In all the other films the illusion isn't as compelling.
Not just because of the choice of technology to create the character but also and more importantly because of what he does and says.
Yoda in the PT isn't just a less successful meld of voice acting and digital puppetry (or in the TPM inferior physical puppetry) he actively contradicts the character as defined in the other films by being overly physically violent and rather stupid and speaks lines like someone doing a crude uninformed parody of the character.
These traits can't just be put down to being the same character earlier in the story. The PT Yoda is an unconvincing joke on every level and an example of everything that doesn't work in the PT.
The author has either forgotten, never knew or doesn't care how the fictional world, he largely created, worked and when using the brand name (which is all Star Wars now is) to make these newer films he failed to reconnect with that world.
Some of the episodes of The Clone Wars animated series (where the visual puppets are more abstract) feel more like Star Wars because some of the people working on those episodes have a better feel for the original universe than was represented in the PT films.
Alexrd said:
You're missing the point.
If I may, sir.
I'm not missing my own point.
Realism and being real are not the same thing.
I stated that the puppet Yoda (exists in the physical world) looked much more believable than the cartoon Yoda (exists in the Characters folder of the C drive). My point in this discussion has been that the appearance of physical objects in the prequels - ships, people, beings, structures, surfaces, light, shadow, etc - look unrealistic to me because they aren't rendered in the manner in which things exist in the real world. Technology isn't there yet. Better than ever - sure, but still not there yet.

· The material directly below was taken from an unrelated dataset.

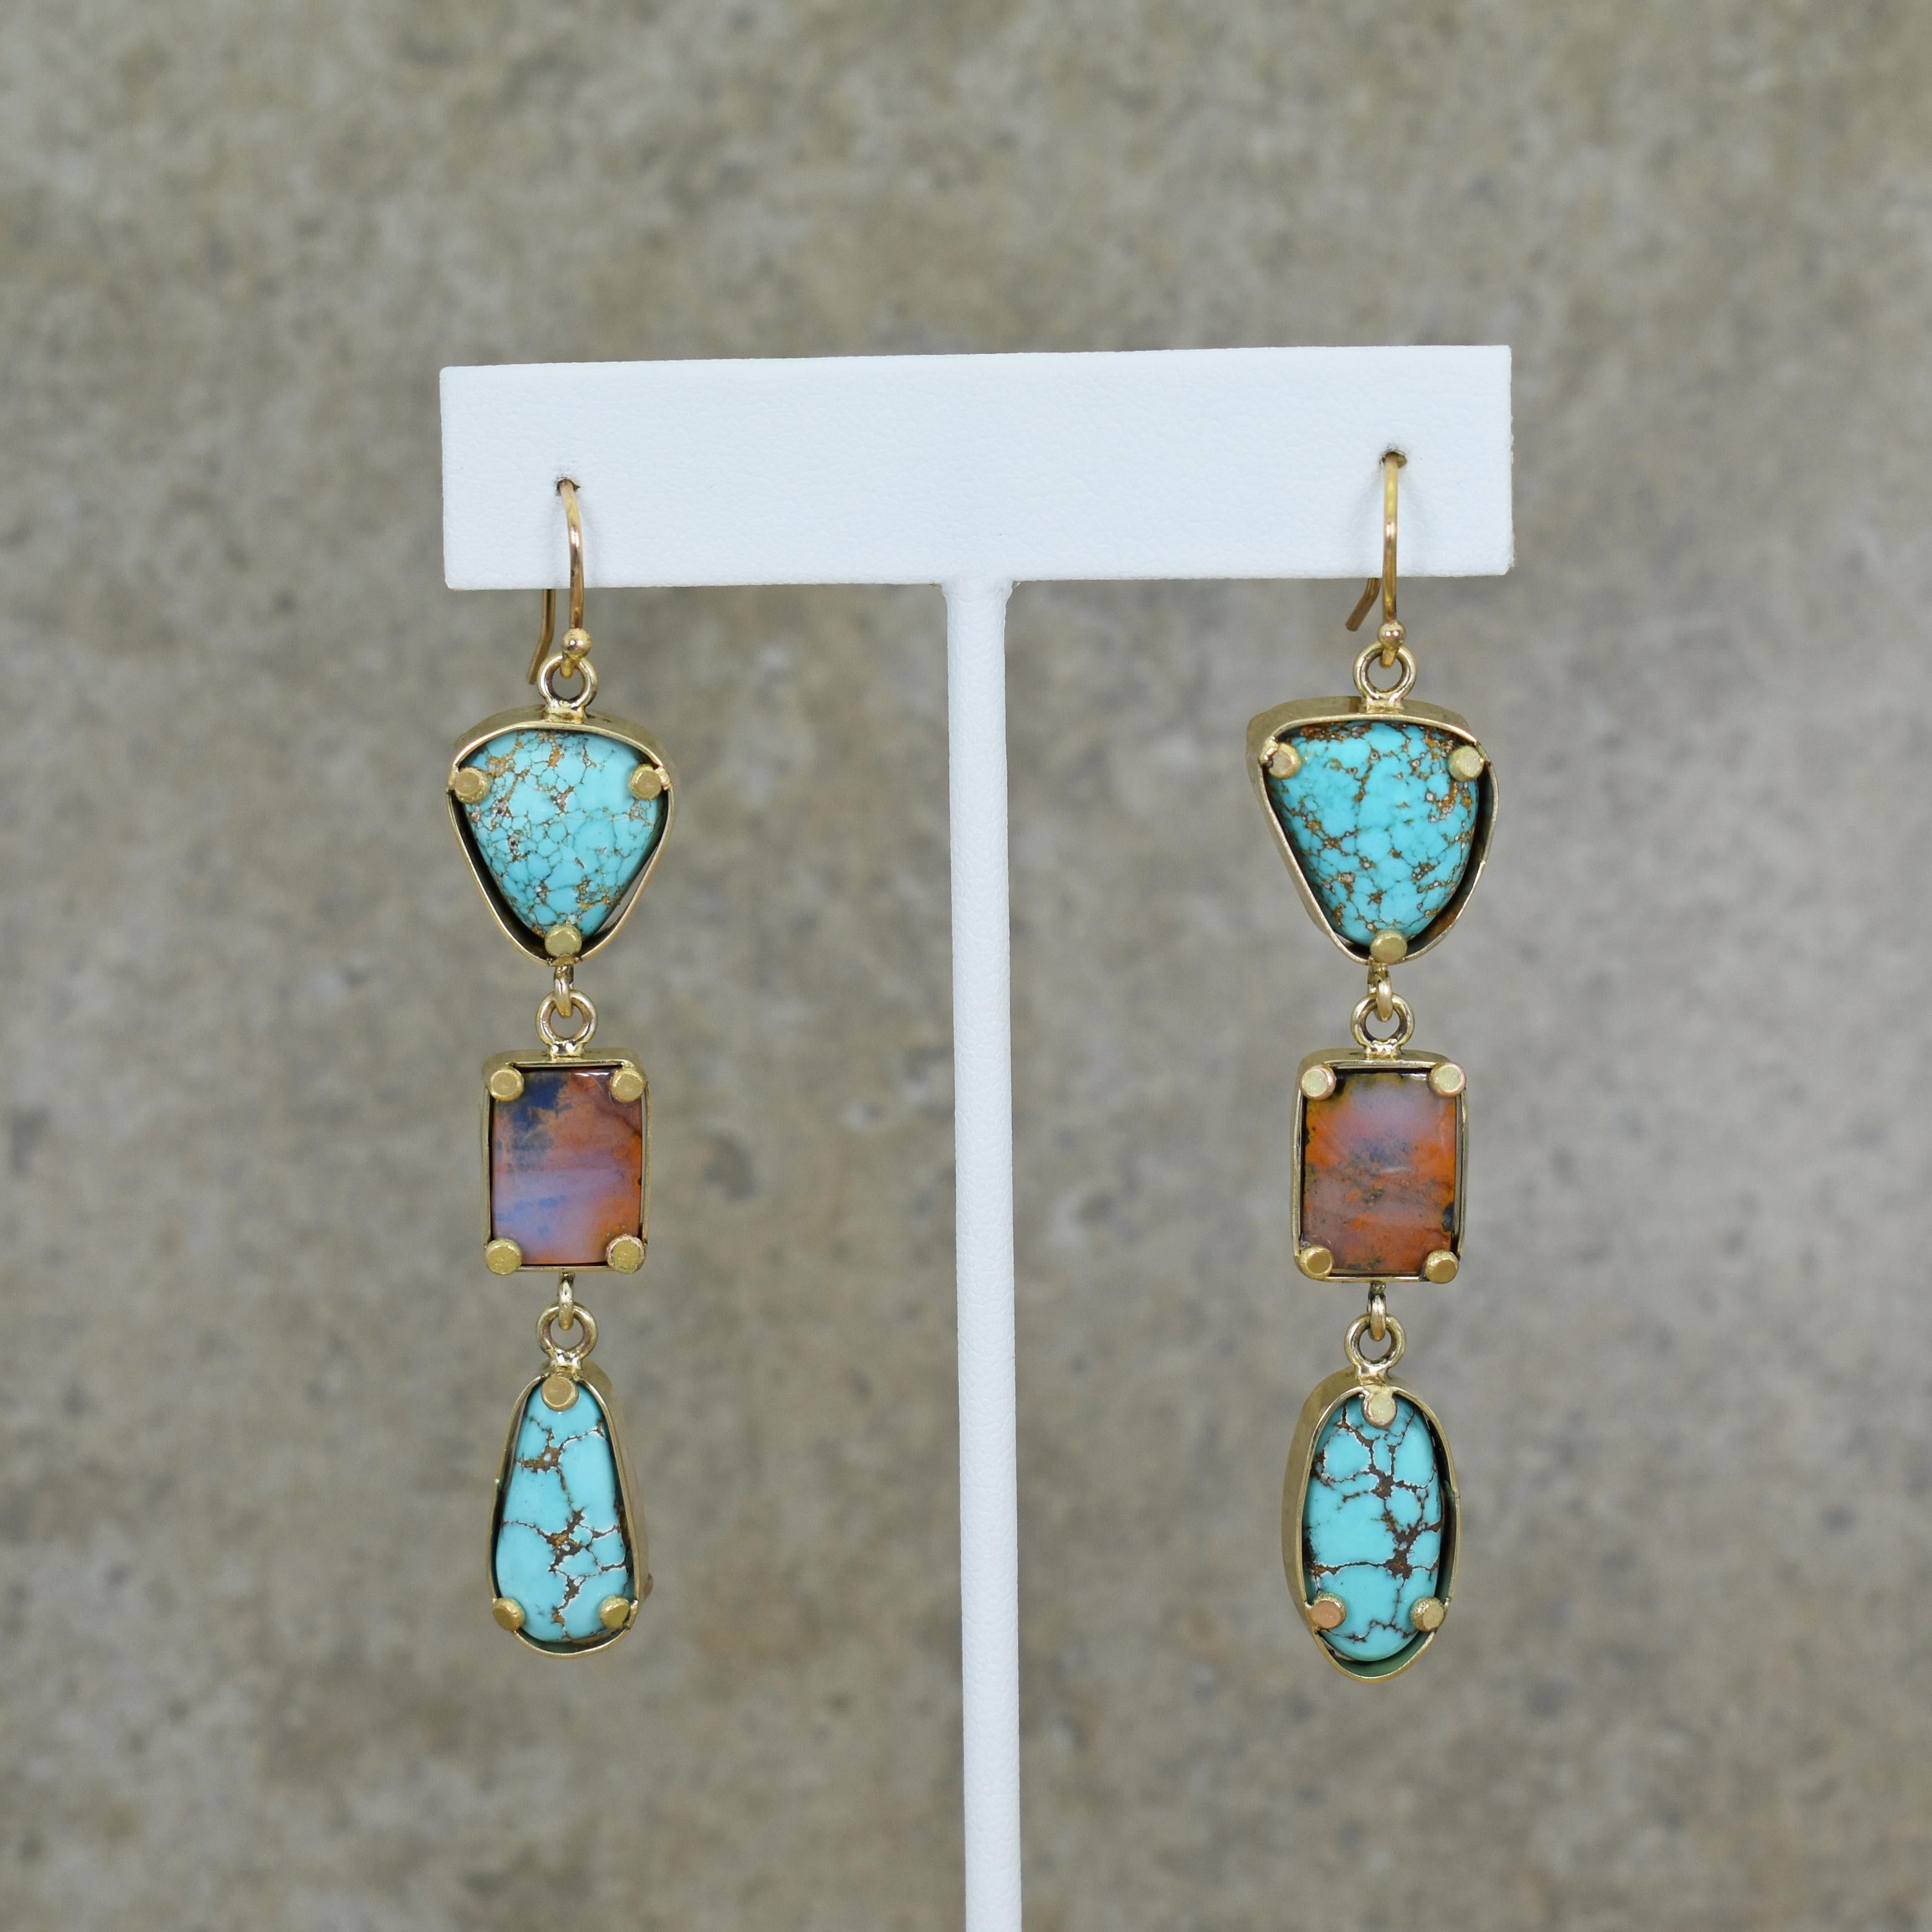 Boucles d'oreilles pendantes en or jaune 18k composées de turquoise Golden Hill du Kazakhstan et d'opale Boulder d'Australie. Les boucles d'oreilles pendantes mesurent 2,88 pouces de long. Ces boucles d'oreilles pendantes contemporaines sont
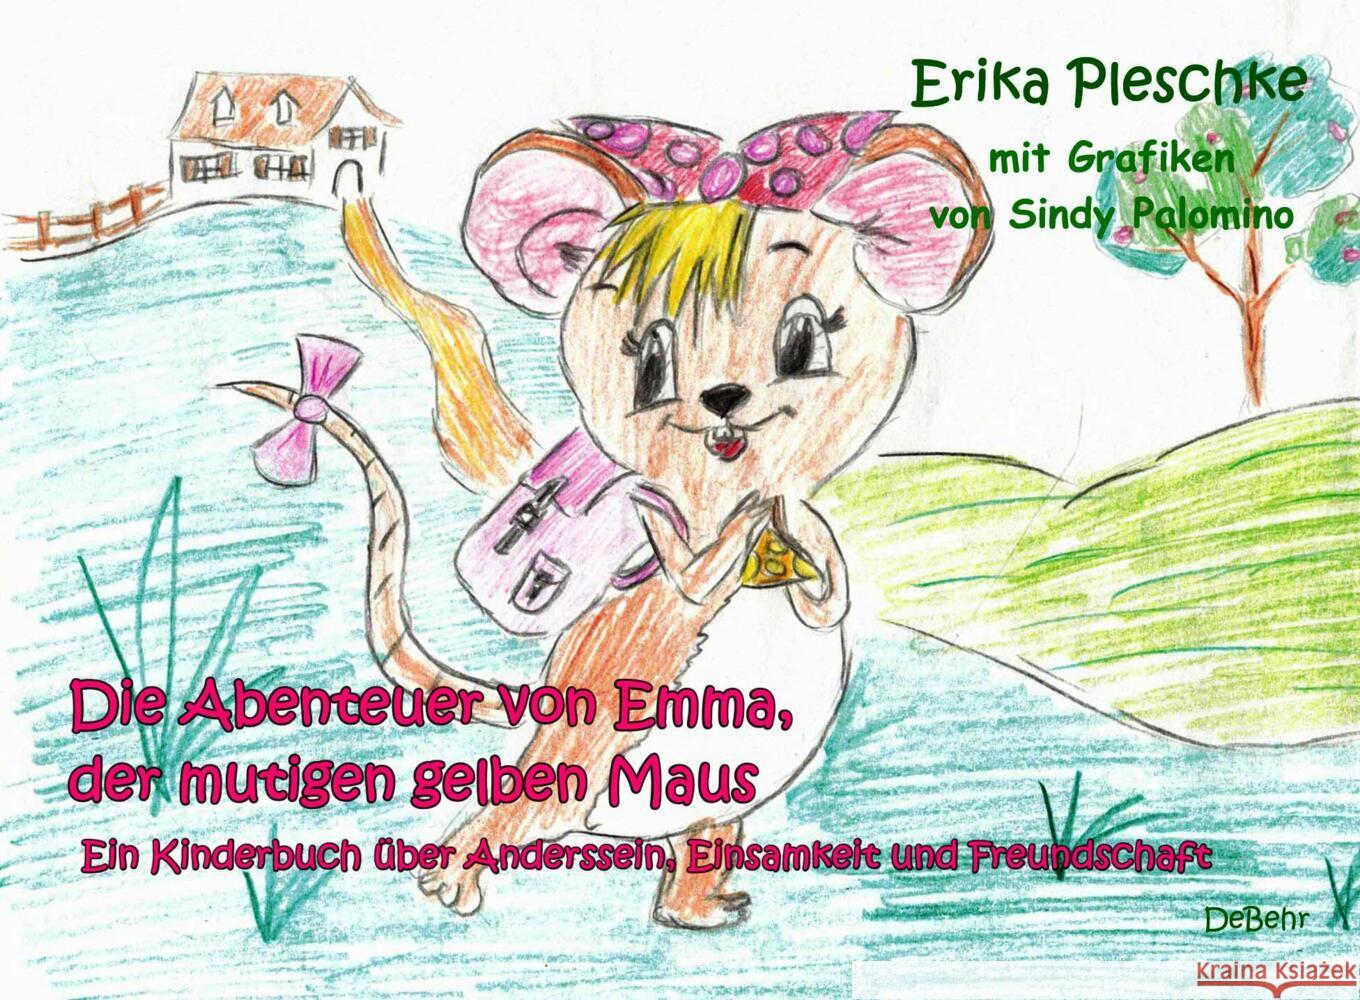 Die Abenteuer von Emma, der mutigen gelben Maus - Ein Kinderbuch über Anderssein, Einsamkeit und Freundschaft Pleschke, Erika 9783957538628 DeBehr - książka

Puppets & models - while not real animals, beings, structures, or ships - do exist in the real world. As such, they show texture, reflect light, absorb light, cast shadows, and move correctly (depending on the skill of the crew). They interact correctly with the physical world we exist in because they exist in it as well. Cartoons do not. At least none that I have seen. Claiming that realism and being real are the same thing was never the point I was trying to make, nor was giving Han to this bounty hunter!
Do you see Yoda as a doll, or as a living character?
I see the puppet Yoda as a much more realistic looking version of a make-believe character. It's impossible to completely buy the character because as soon as he appears on screen, we know he's not real. The task is for the film maker to get us to focus on the character, not the method of presentation. When it's a puppet, I think "hey, he talks funny and seems impatient with Luke". When it's the cartoon version (which I've only seen in screencaps) - I think "look, it's a cartoon of the character from the second film".
My point again is that this...
...helps me focus on the story.
This...
...causes me to focus on how well they drew a picture of Yoda.